Standard treatment for vitiligo includes topical corticosteroids, topical calcineurin inhibitors, oral corticosteroids, phototherapy, and laser, among other treatments, though response to treatment is variable and dependent on disease activity, severity, subtype, and patient preference. While partial repigmentation is often attainable, full repigmentation is challenging, especially in patients with more extensive involvement. Additionally, certain areas on the body such as the head and neck tend to respond better to treatment than other areas such as the acral sites.^8,9,14,15 Newer therapies targeting the Janus kinase/signal transducer and activator of transcription (JAK/STAT) pathway have proven to be well tolerated and effective for vitiligo, though additional studies are warranted to establish long-term safety. Here, we provide an overview of current treatments for pediatric vitiligo.^9,15

Topical therapies

For mild disease, twice-daily application of a mid- to high-potency topical corticosteroid (eg, mometasone furoate, triamcinolone acetonide) or topical calcineurin inhibitor (eg, tacrolimus ointment, pimecrolimus cream) has been shown to be an effective monotherapy, with 40% to 90% of pediatric patients showing response to treatment over a 6-month period. To minimize the possibility of adverse effects associated with topical steroids (eg, skin atrophy, systemic absorption), many providers suggest limiting use to 15 days per month. For this reason, topical calcineurin inhibitors are usually the agents of choice for sensitive areas such as the face, underarms, or groin; they can be used in combination with corticosteroids and are safe to use continuously. Topical vitamin D analogs are also used for pediatric vitiligo but have fallen out of favor due to the higher likelihood of skin irritation.^3,9,14,16-18

More recently, the topical JAK 1/2 inhibitor ruxolitinib (Opzelura; Incyte Dermatology) was FDA approved for patients with nonsegmental vitiligo affecting less than 10% of the body and who are at least 12 years of age. Ruxolitinib was shown to result in greater than 75% improvement from baseline in half of patients over a 1-year period. Though uncommon, mild adverse effects include acne and pruritus.¹⁵

Narrowband UV-B

Because skin repigmentation can be stimulated by exposure to UV light, narrowband UV-B (nbUV-B) is usually the treatment of choice when topicals are ineffective or if there is more extensive skin involvement.¹⁹ Treatment is often administered in combination with topical agents or systemic therapy, given the improved response observed with 2 modalities compared with 1. NbUV-B is the most common form of phototherapy used for pediatric vitiligo, primarily due to its increased safety when compared with psoralen and UV-A. Standard treatment involves a few minutes of phototherapy exposure 2 to 3 times weekly, starting with a relatively low dose and increasing gradually until mild erythema is observed. It is important to administer phototherapy with caution, as higher doses can result in burning and further depigmentation due to the Koebner phenomenon.^20,21 If there has not been a good response after 6 months of treatment, nbUV-B can be stopped.

Systemic therapies

Systemic therapy is usually reserved for rapidly progressive disease or for more extensive disease that has not responded to skin-directed therapies.^9,14 Low-dose oral corticosteroids are still the mainstay of treatment for vitiligo that is spreading quickly over weeks to months. Oral prednisone 5 to 10 mg per day for no longer than 2 weeks is the standard treatment regimen. For patients with severe disease, concomitant treatment with nbUV-B therapy is also recommended.

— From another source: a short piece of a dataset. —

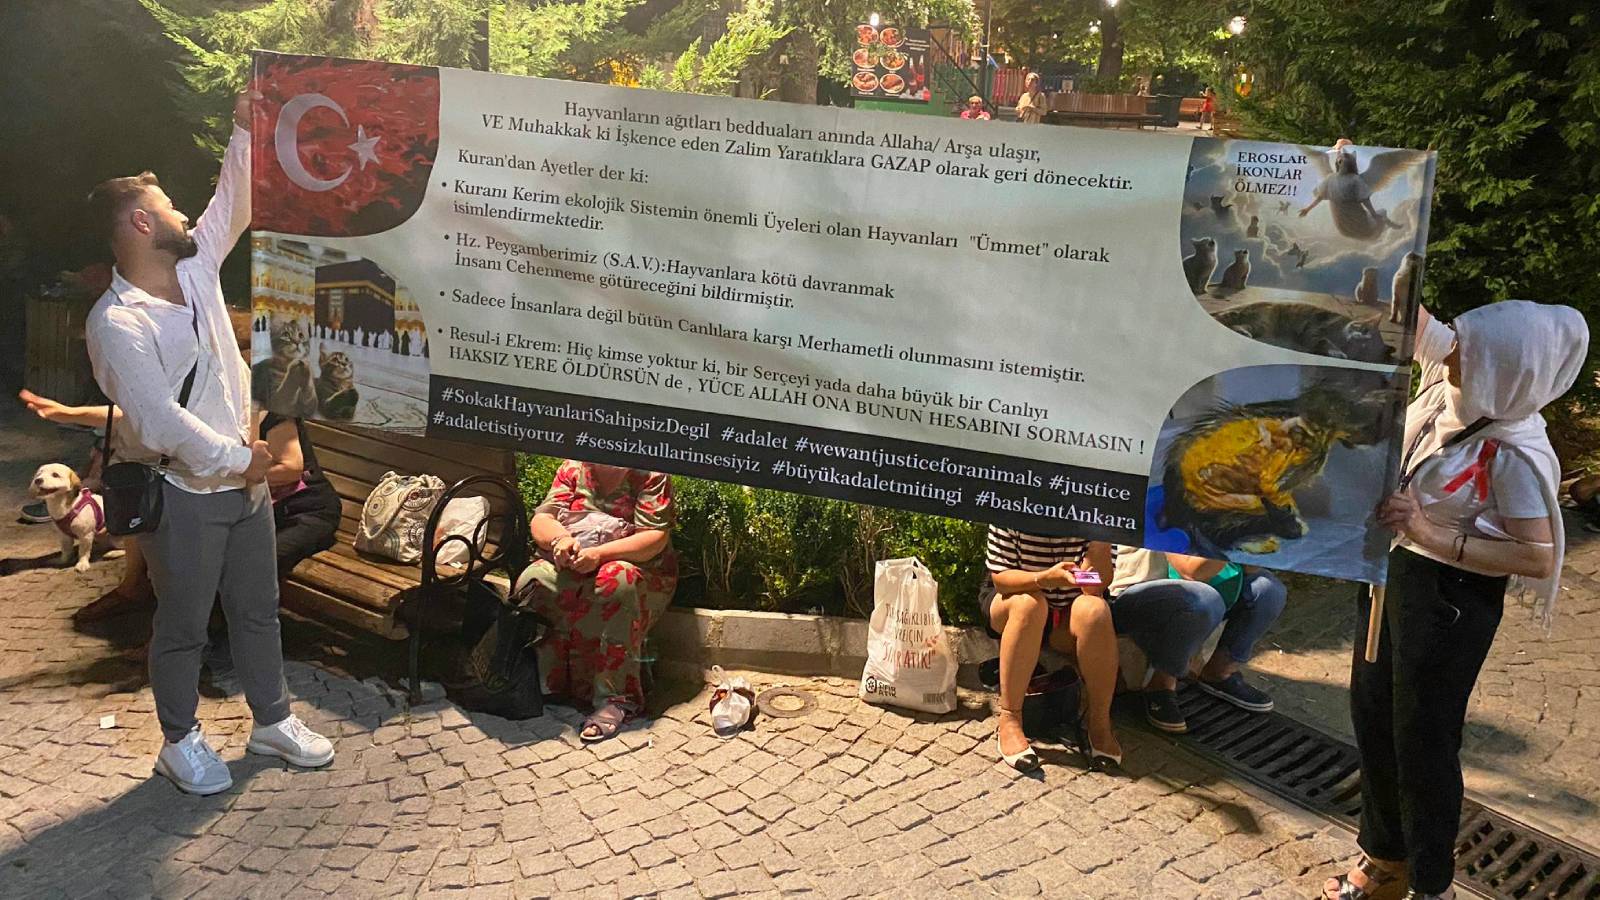 Kuğulu Park’ta sokak hayvanları protestosu: Eyleme bireysel olarak katılan vatandaşlar, dövizlerinde Kuran’dan ayetlere yer verdi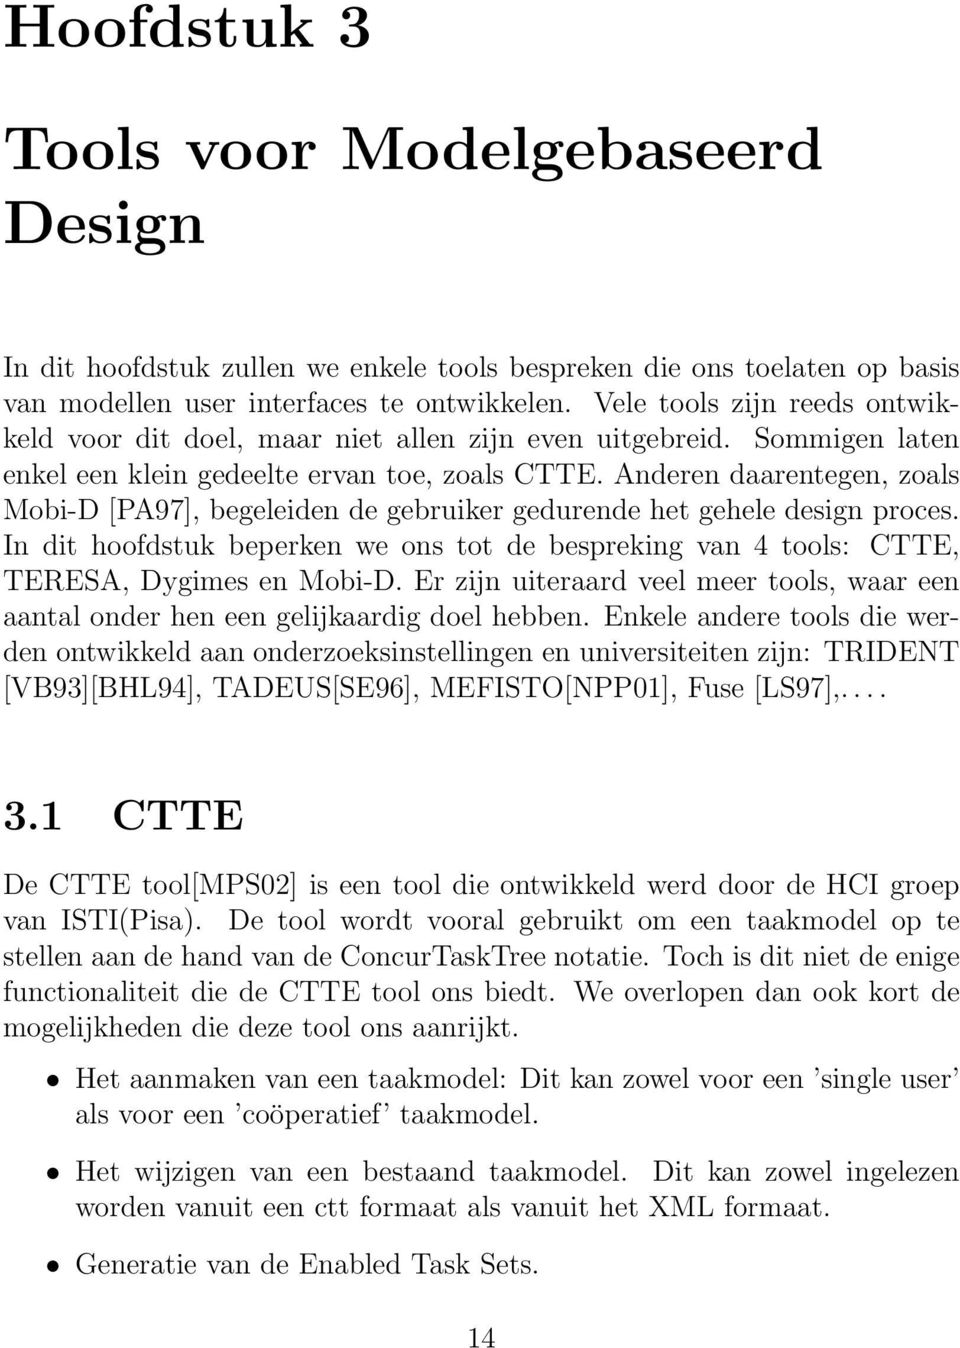 Anderen daarentegen, zoals Mobi-D [PA97], begeleiden de gebruiker gedurende het gehele design proces. In dit hoofdstuk beperken we ons tot de bespreking van 4 tools: CTTE, TERESA, Dygimes en Mobi-D.

For more extensive vitiligo that is stable—defined as no increase in size of existing lesions and absence of new lesions in the previous 3 to 6 months—mini pulses of oral methylprednisolone on 2 consecutive days weekly and low-dose oral methotrexate are also safe and effective treatments. Other systemic treatment options include minocycline, cyclosporine, apremilast, and certain supplements.^9,14,15 Once again, administering these medications in combination with topical agents or nbUV-B has been shown to be more effective than treating with systemic therapy alone.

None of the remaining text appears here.